In the German Federal Republic however the number of the film clubs decreased to such an extent that in 1971 the Federal association dissolved. For the 1970s stepped in many places local cinemas to the place of the film clubs. With the collapse of the German Democratic Republic, many East German film clubs lost the financial and organizational basis, succeeded also here unite the step to the local cinema.

There are two national bodies for film societies in Germany who are members of the International Federation of Film Societies, the Bundesverband Jugend und Film e.V., and the Bundesverband kommunale Filmarbeit.

==Hungary==
In Hungary, there is quite a vivid cine-club life with involving hundreds of viewers and dispute partners week by week...
The first Hungarian film club is dated back to 1956, as you can read here:

==India==
Filmmaker Satyajit Ray founded the first Indian film society, the Calcutta Film Society in 1947. In 1959, Federation of Film Societies of India was formed as a central organization combining the film societies of Calcutta, Delhi, Bombay (now Mumbai), Madras (now Chennai) and Patna. Satyajit Ray was elected president. In Chennai, in 1981 Chennai Film Society was started by serious film buffs and film institute graduates. M. Sivakumar was its founder secretary and Sasikumar was its founder president. It was active for 15 years with screening of international films, conducting film appreciation courses, meeting up with film makers, screening retrospective of masters and anniversary film festival. It ran a film magazine in Tamil called Salanam for five years. With the advent of DVDs, satellite television channels, and many of its society organizers got active in film making, the Chennai film society slowly disappeared.
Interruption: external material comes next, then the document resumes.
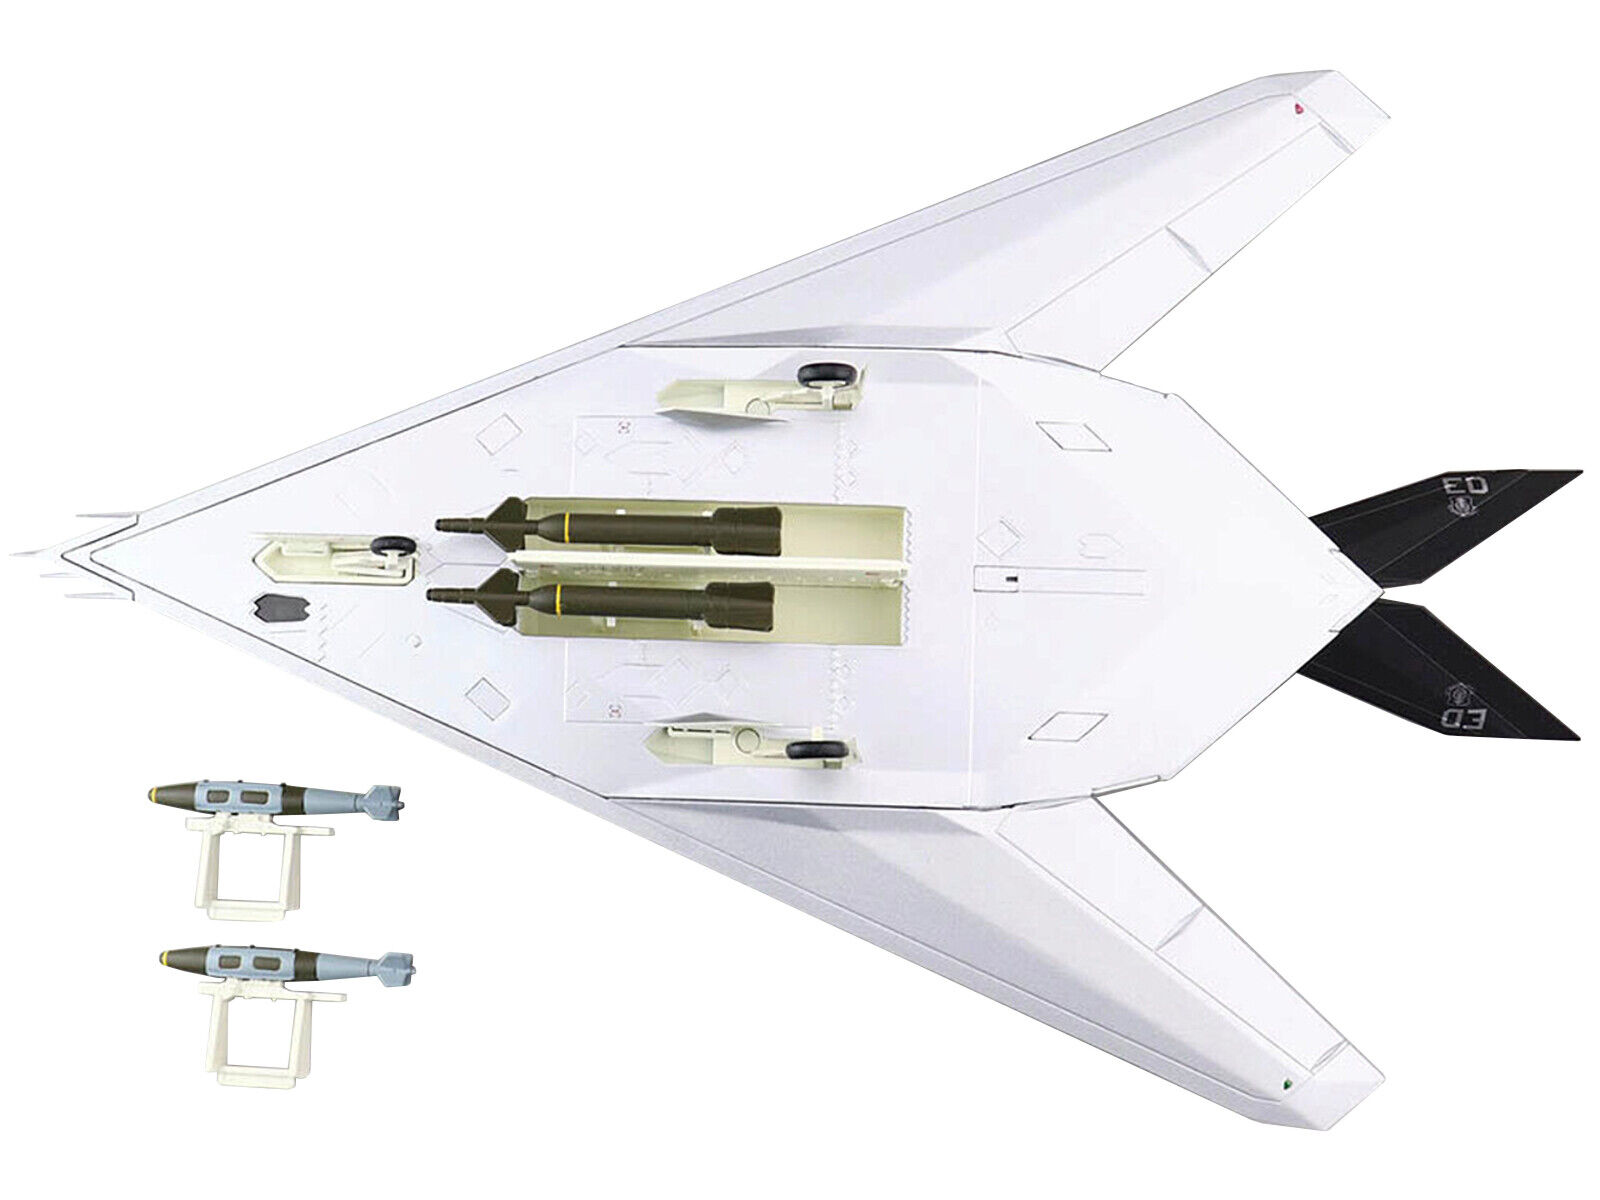 Lockheed F-117A Nighthawk Stealth Aircraft

The first film society in Kerala was formed in Trivandrum in 1965. It was formed by the celebrated and award-winning director Adoor Gopalakrishnan. It paved the way for a new Malayalam cinema. https://web.archive.org/web/20130131092225/http://www.cinemaofmalayalam.net/malayalam_his_4.html

Indo Cine Appreciation Foundation in Chennai has been conducting an annual international film festival, Chennai International Film Festival (CIFF) every year in December- http://www.chennaifilmfest.com, http://www.icaf.in, an annual event since 2003.
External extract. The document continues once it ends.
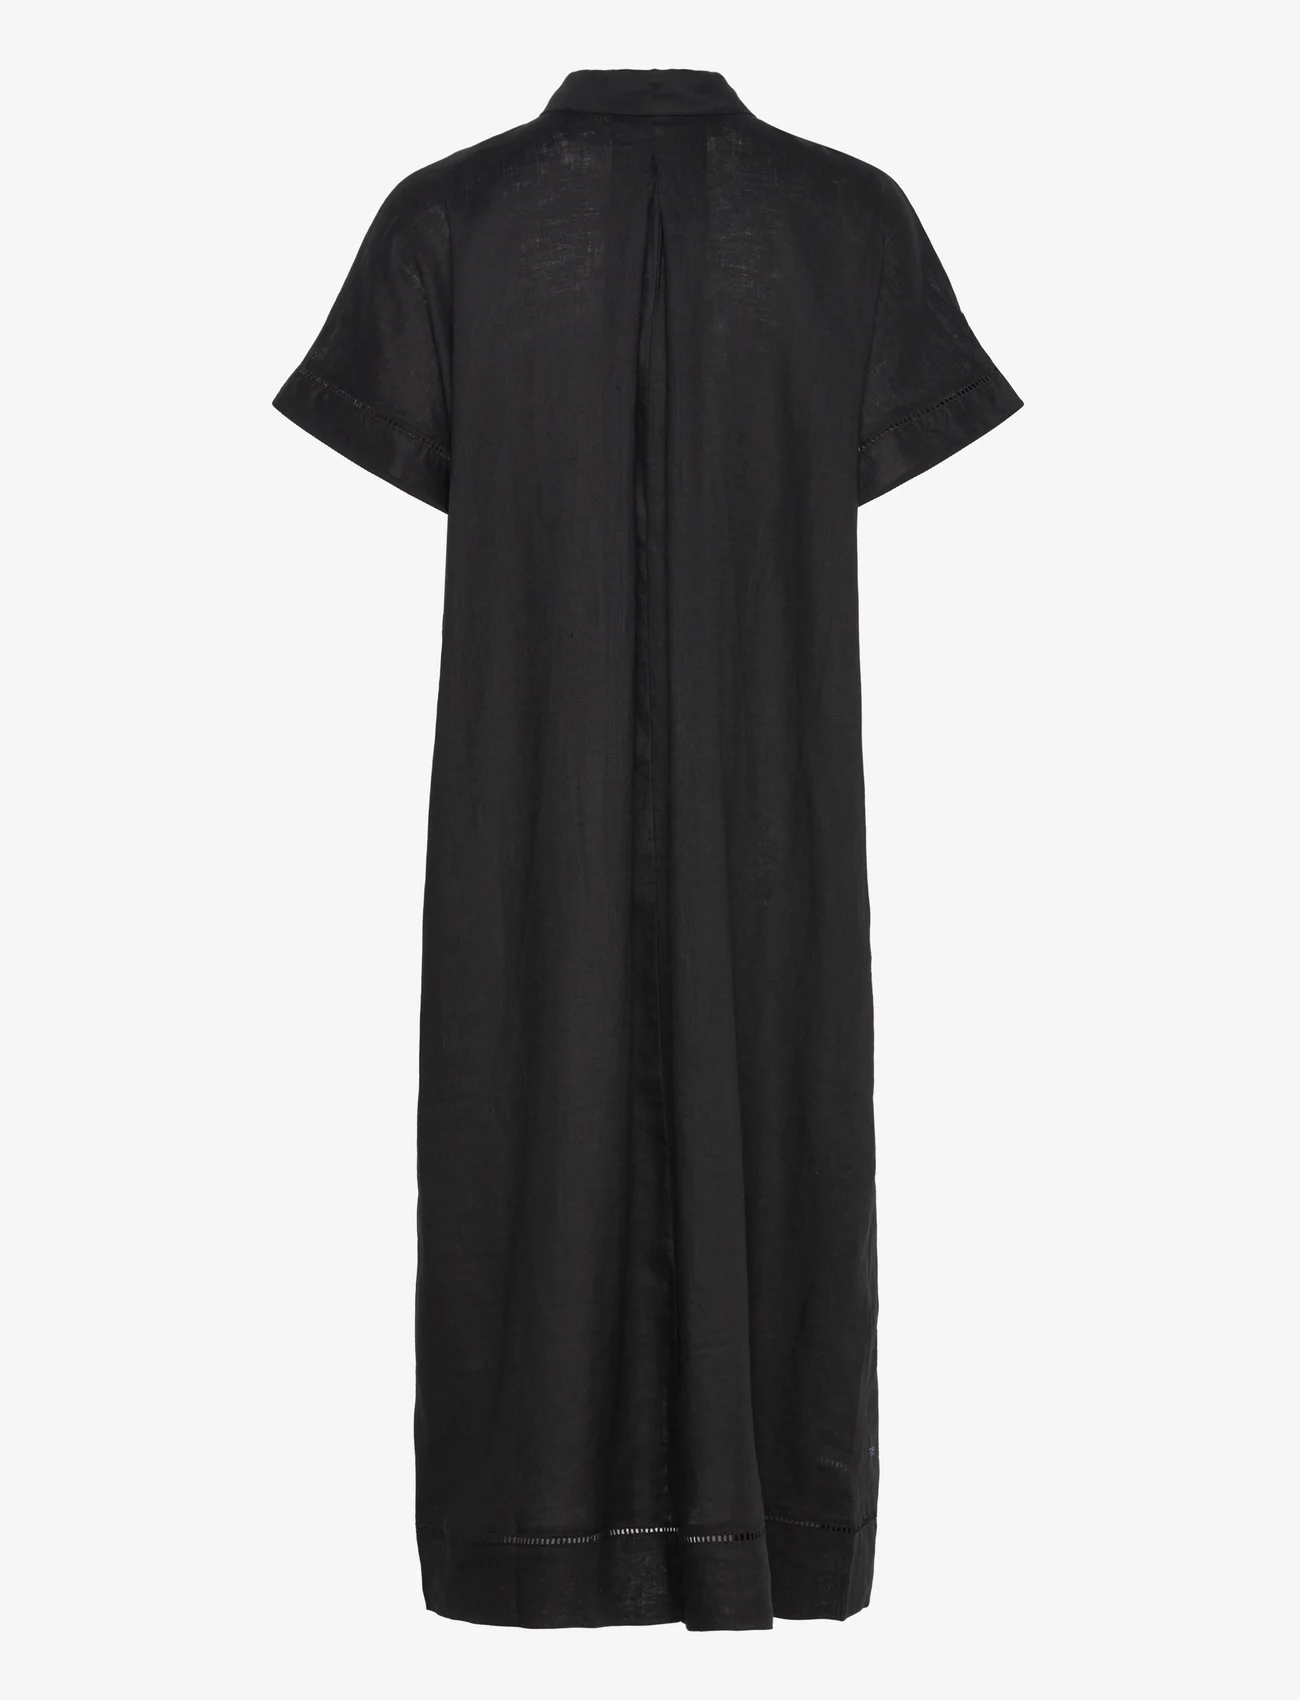 Lindex - Dress Laila pure linen - shirt dresses - black - 1

According to film scholar Amrit Gangar it is necessary for a member to be at least 18 years old as film societies are allowed to show uncensored films being exempt from censorship laws. yadharthaa is a Film society functioning from 04-12-1978 in Madurai Tamil Nadu. Tamil Nadu Children Film Society organising Madurai International Children Film Festival from 2004.

==Ireland==
The Irish Film Theatre operated as a film club in Dublin from 1977 to 1984. It offered audiences art and international films not usually shown by commercial cinemas, and the venue was unusual in showing uncensored films. Irish censorship law only required films that were shown to the general public to be submitted for censorship, and films screened by clubs were exempt from censor review, and cutting or banning.

==New Zealand==
The first New Zealand Film Society was set up in 1945. In 2015 the New Zealand Federation of Film Societies represented fourteen regions.

The Wellington Film Society is the largest film society in New Zealand. It screens weekly at the Embassy theatre and in 2024 had an average weekly attendance of 537.

==Norway==
Norwegian film societies are called filmclubs, and their national body is The Norwegian Federation of Film Societies. The first filmclubs were founded at the end of the 1950s in Oslo and Narvik, and since then the film society movement has thrived both in the big cities, and in more rural areas of Norway.

==Poland==
The national body for film societies in Poland is the Polish Federation of Film Societies (Polska Federacja Dyskusyjnych Klubów Filmowych - PF DKF). Its honorary chairman is Andrzej Wajda.

==Portugal==
The national body for film societies for this country is Portuguese Federation of Film Societies, founded in 1978. www.fpcc.pt

==Spain==
There are two federations of film societies in Spain representing Catalonia and Galicia, the Catalan Federation of Film Societies (Federació Catalana de Cine Clubs) and the Federation of Film Societies of Galicia (Federación de Cineclubes de Galicia).

==United Kingdom==
The first film society was established in London in 1925 by a group of intellectuals and enthusiasts including Iris Barry, Sidney Bernstein, Baron Bernstein, Adrian Brunel, Hugh Miller, Walter Mycroft, and Ivor Montagu, to show films which had been rejected on commercial grounds, most of them European, and films which had been rejected by the censor, most of them from the Soviet Union. It counted among its sponsors George Bernard Shaw, H. G. Wells, and numerous members of the Bloomsbury Group. It was simply called the Film Society, but is often referred to as the London Film Society as it was followed by many others in the next fifteen years. These included the Edinburgh Film Guild (1929, still in existence) and the Salford Workers Film Society (1930; this became the Manchester & Salford Film Society, still in existence). Its activities came to an end in 1939, though after the war the New London Film Society was something of a successor body.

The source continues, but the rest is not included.